Kefalos (Κέφαλος) is the westernmost town on the Greek island of Kos, 43 km from Kos Town. It is situated on a peninsula, also known as Kefalos, at the south-west side of the island. The town is built on a stone height, dominated by the imposing windmill of Papavasilis and is home to 2,329 inhabitants (2021 census).

==Neighbouring settlements, administration and facilities==
Beneath the old town of Kefalos is the Bay of Kamari, where the beach resorts of Kamari, Kampos and Onia follow the curve of the bay for approximately 2 kilometres. The name Kefalos is often used for this area as well.

Kefalos town and these smaller beach settlements form together a local community (δημοτική κοινότητα), also called Kefalos (population 2021: 2,713), which is part of the municipal unit of Irakleides and of the Kos municipality.

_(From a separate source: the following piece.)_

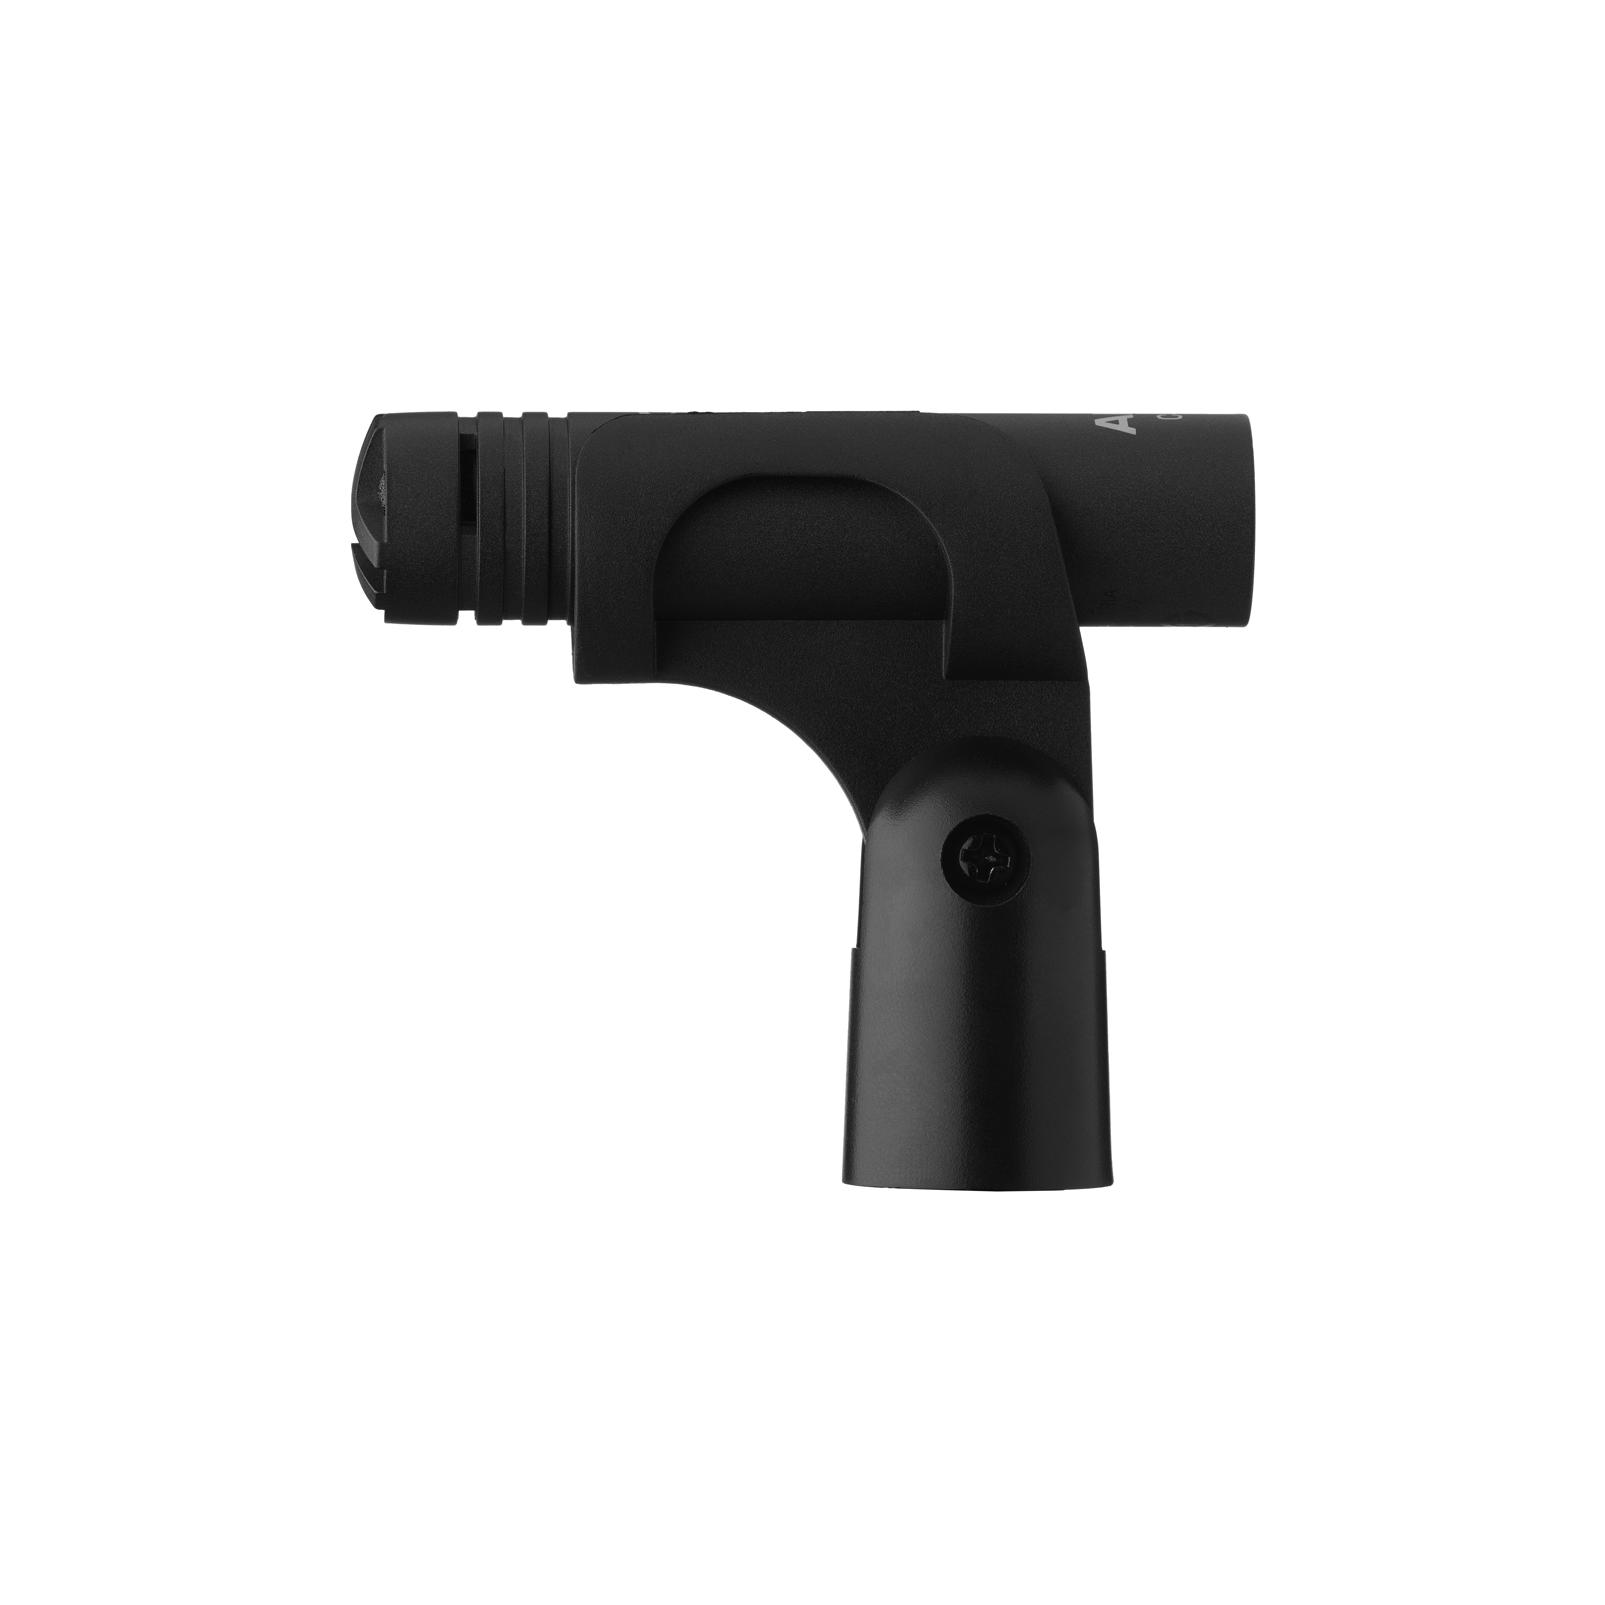 C430 - Black - Professional miniature condenser microphone - Left

There are several facilities for visitors (taverns, bars, music, boat trips), but shops are limited; for other than daily purchases, people can go to either the neighbouring Kardamaina or to Kos Town on the other end of the island.

==Attractions==
- Ruins of the medieval castle of Kefalos dating back to the thirteenth century
- The ancient site of Palatia
- Ruins of the early Christian Basilica of Ayios Stefanos at Kamari
- The cave at Aspri Petra
- Monastery of Ayios Ioannis (Thimianos)
- Mikro Limanaki beach at the north of Kefalos peninsula.